Jody Conley, senior art teacher at Marshal McLuhan, says projecting art on the school building was a powerful experience for students and staff. Under the theme of creating art around the five objects that got them through the pandemic, Conley received submissions in many different forms. A student’s ode to their mother working in health care was one of the standout submissions from the school.

Conley says students are still making art and remain very engaged in the mask project, which she hopes is a sign that the Mask4Aid initiative could continue well into the future.

“There are students that are still creating under the theme of the importance of the mask,” said Conley. “A lot of older people are saying it’s tough wearing them but for these kids, it’s just a part of who they are now, and they see it in art.”
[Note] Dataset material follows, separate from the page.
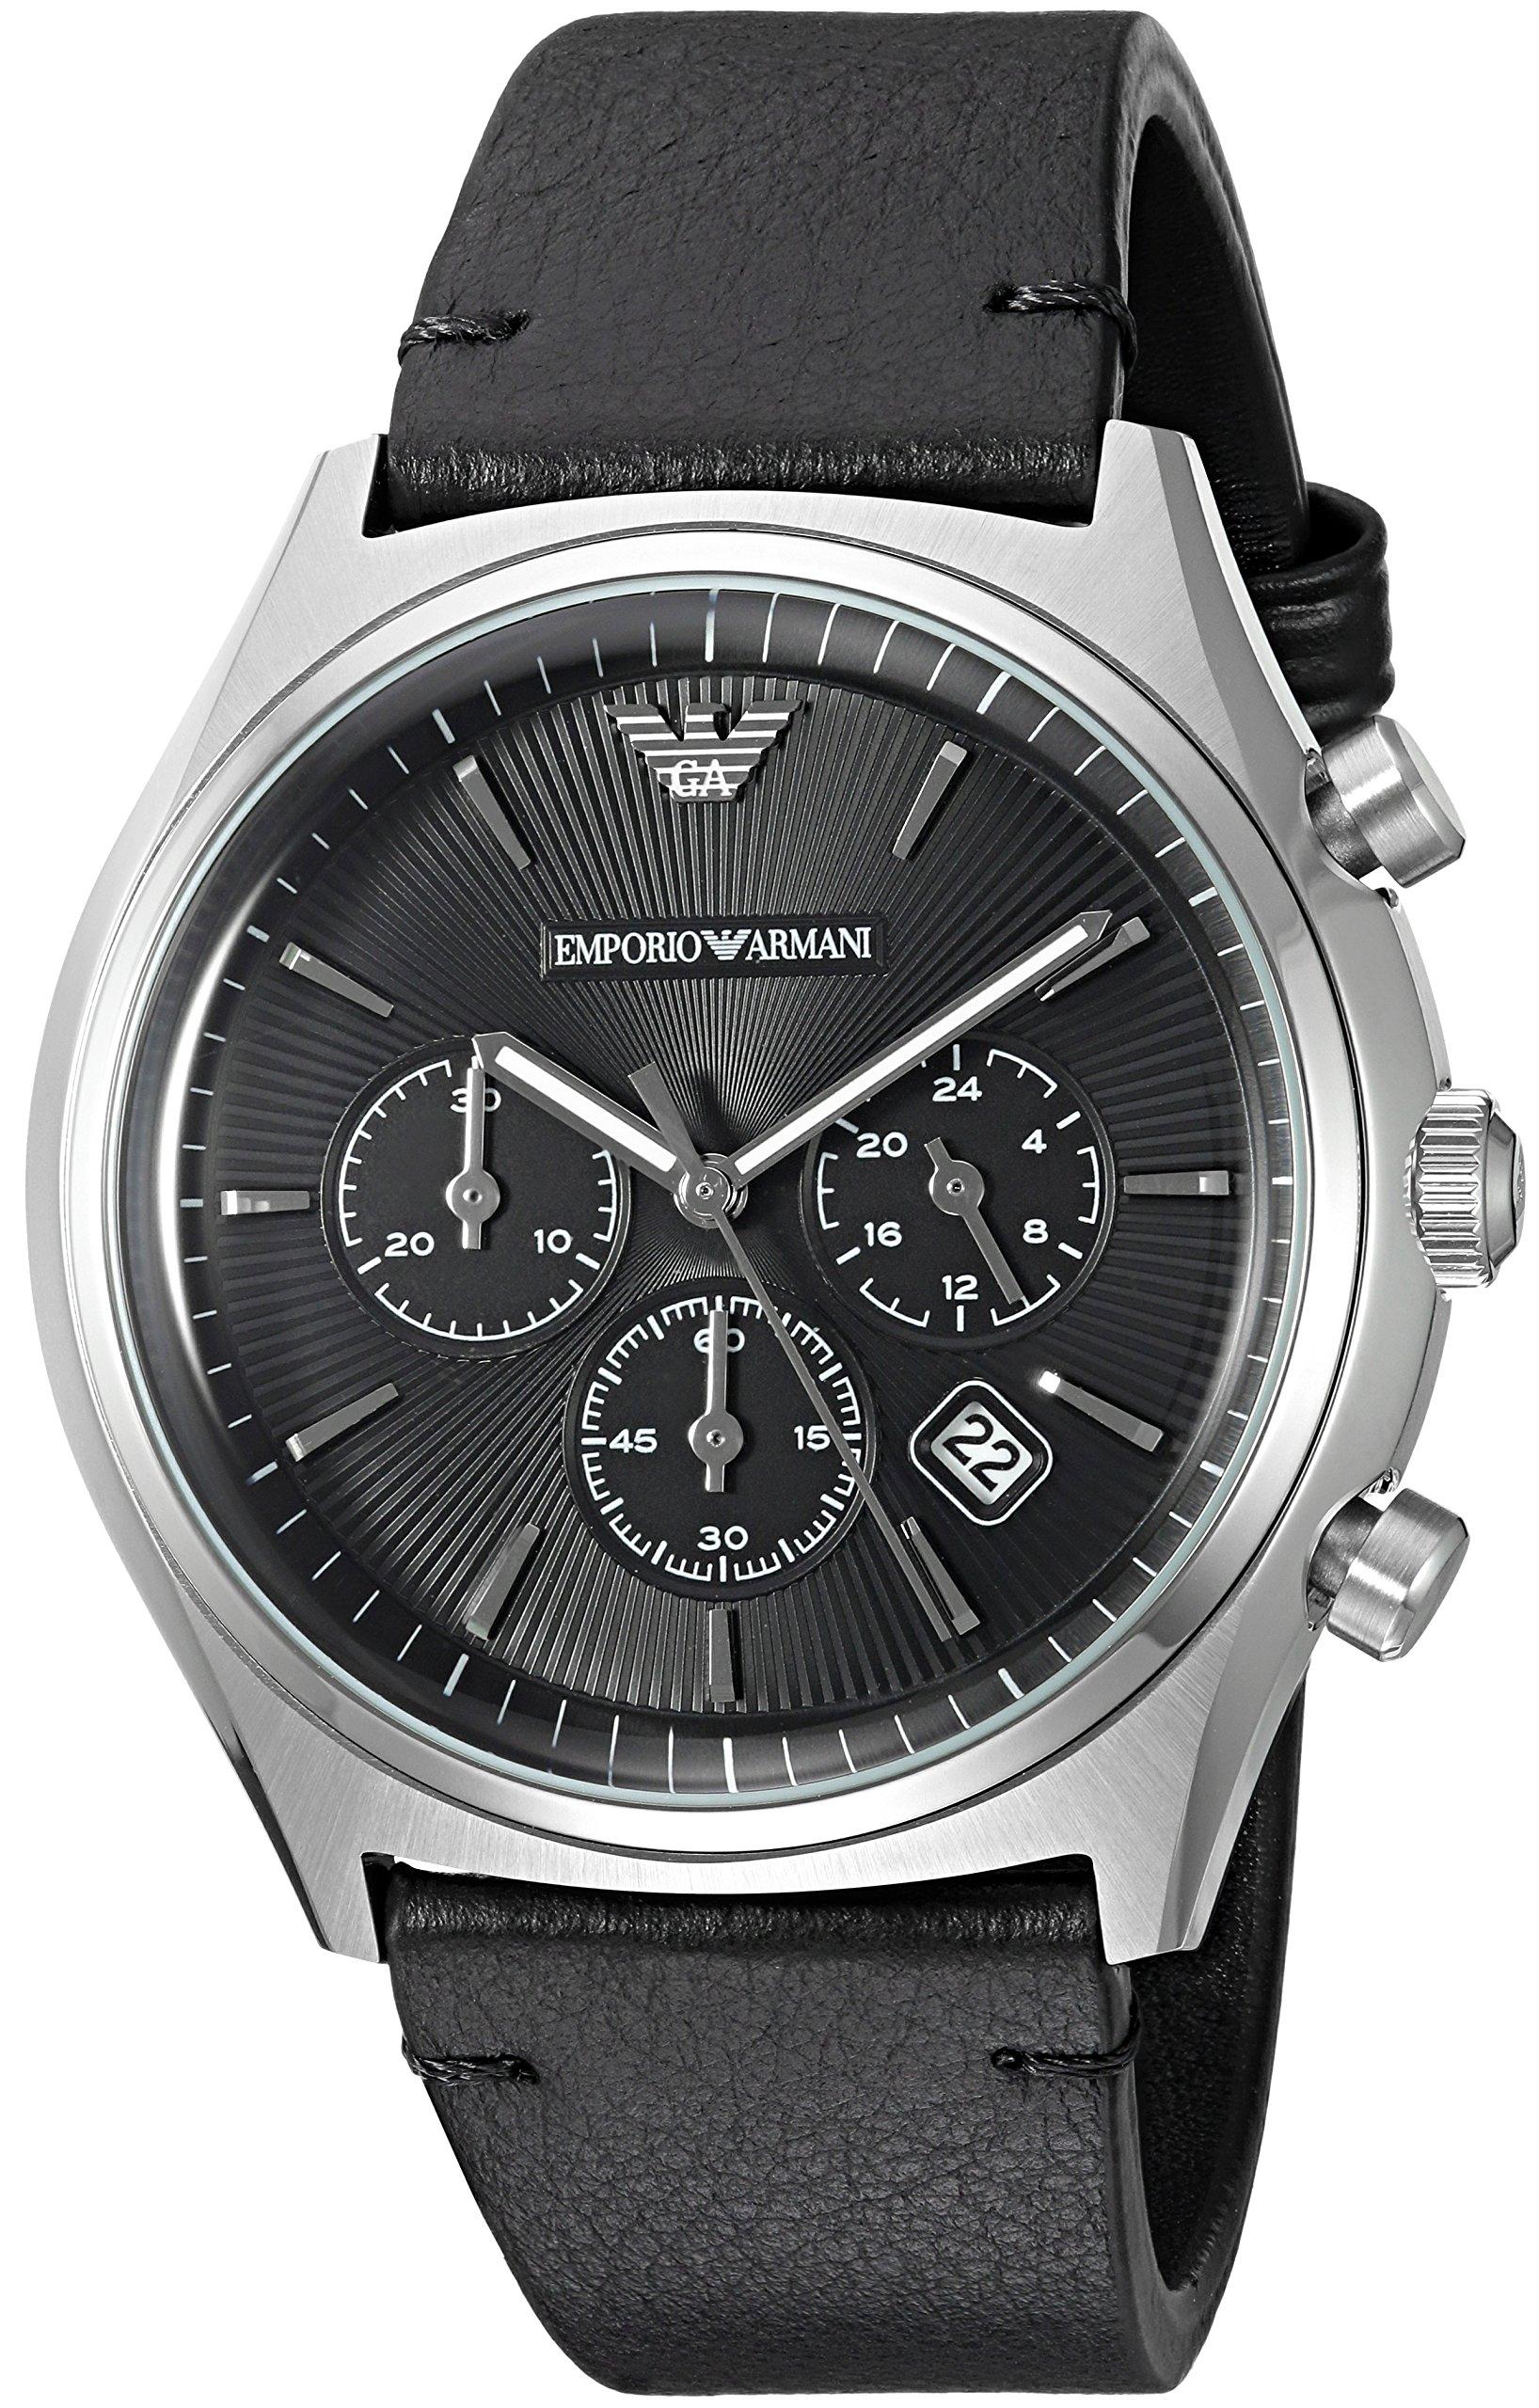 Reloj Emporio Armani para Hombre AR1975
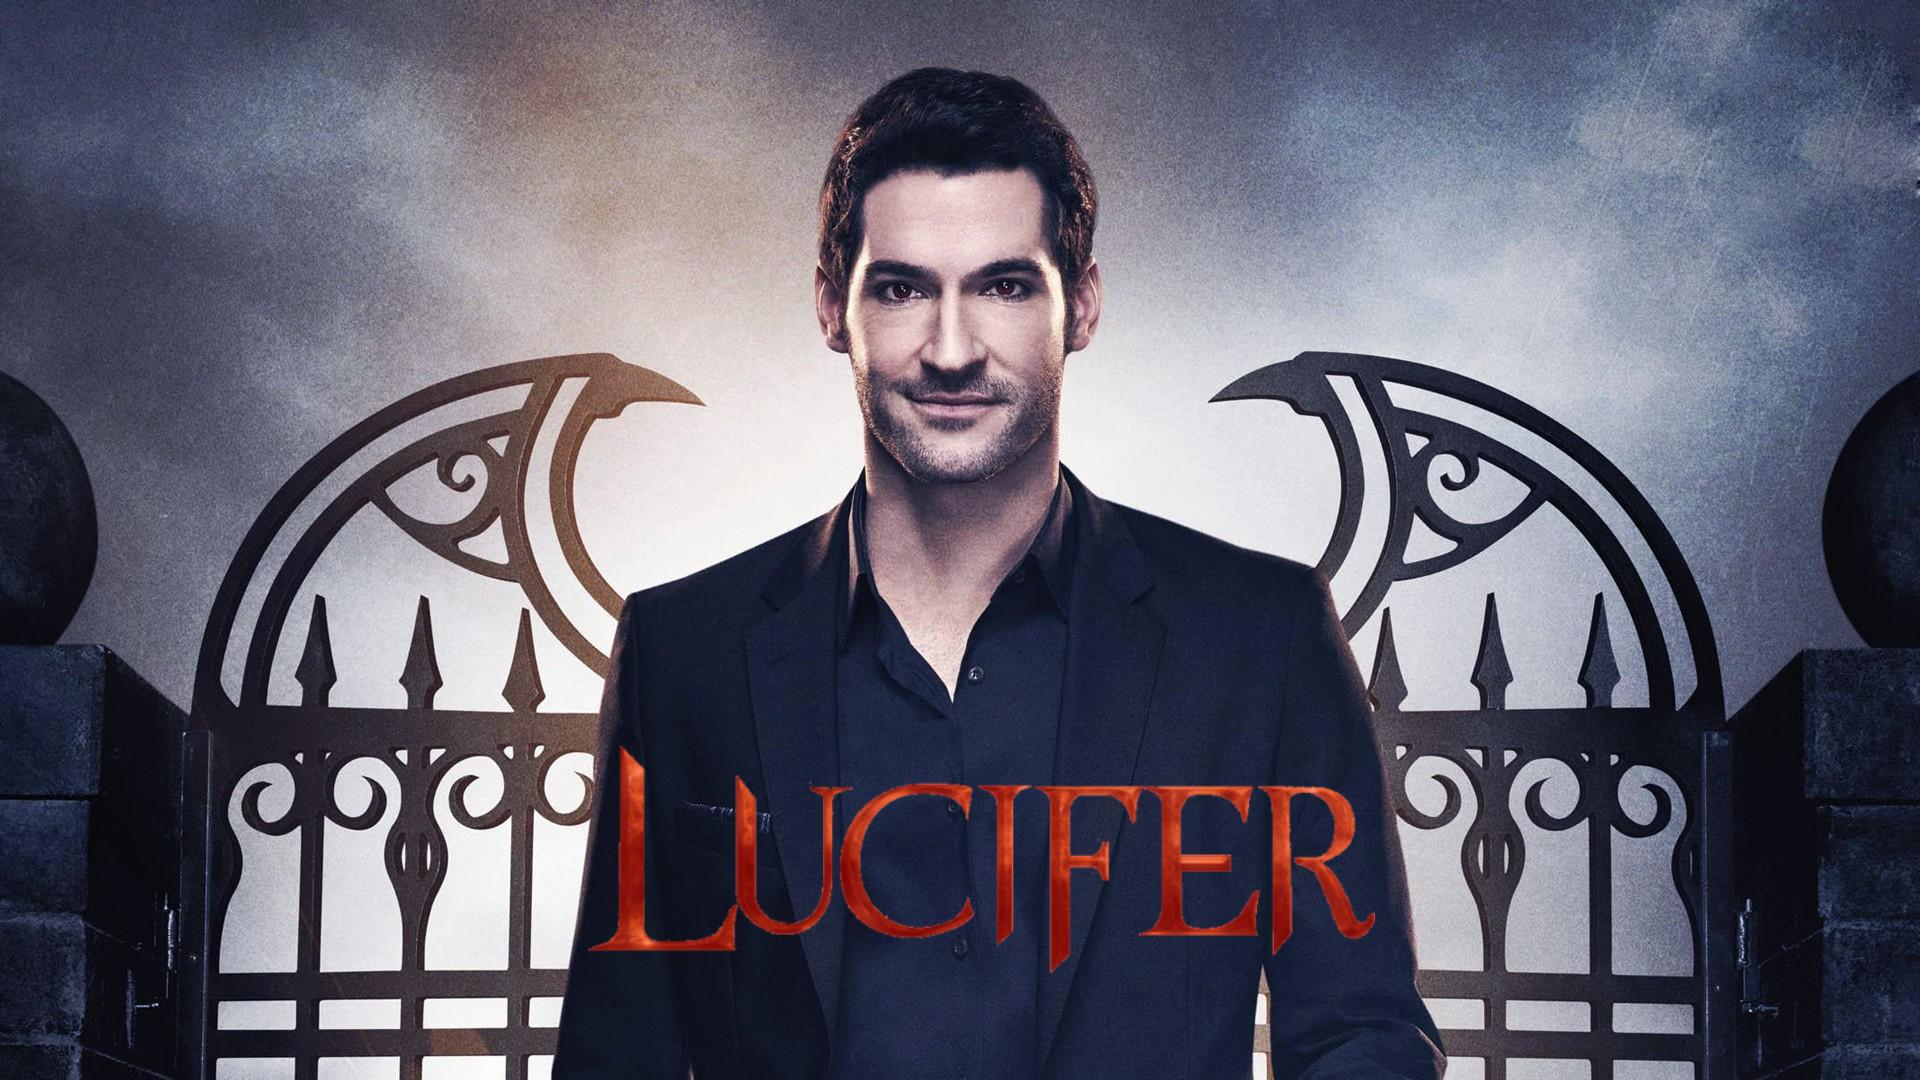 Lucifer Season 5 Episode 1 update

When the call went out to the boards in September, teachers began contacting Sealey to say their schools were interested in being a projection site for the project. After Sealey received a permit to integrate the Malting Silos as a site for the installation, he amalgamated the art from four downtown schools for one all-inclusive projection evening which concluded the exhibition on Oct. 22.

One of the progressive things to have come from the pandemic, Sealey says, is the increase and greater investment in public art projects, which create opportunities to connect and engage around art. Mask4Aid was funded through the city’s ArtworxTO: Toronto’s Year of Public Art 2021-2022 program, a year-long celebration of Toronto’s public art to support artists and projects that reflect Toronto’s diversity and create opportunities for greater public engagement.

Making art more accessible to a demographically and economically diverse audience is a trend Sealey hopes will continue.

“This has nothing to do with commerce, but only to do with enjoyment, it’s to do with culture, it’s to do with expression, it’s to do with identity,” said Sealey. “For Toronto to recognize that, as multicultural a city as it is and continues to be, I think it’s showing a degree of wisdom. To let young people express themselves and learn about others through art is I think a very good direction in which to take the city.”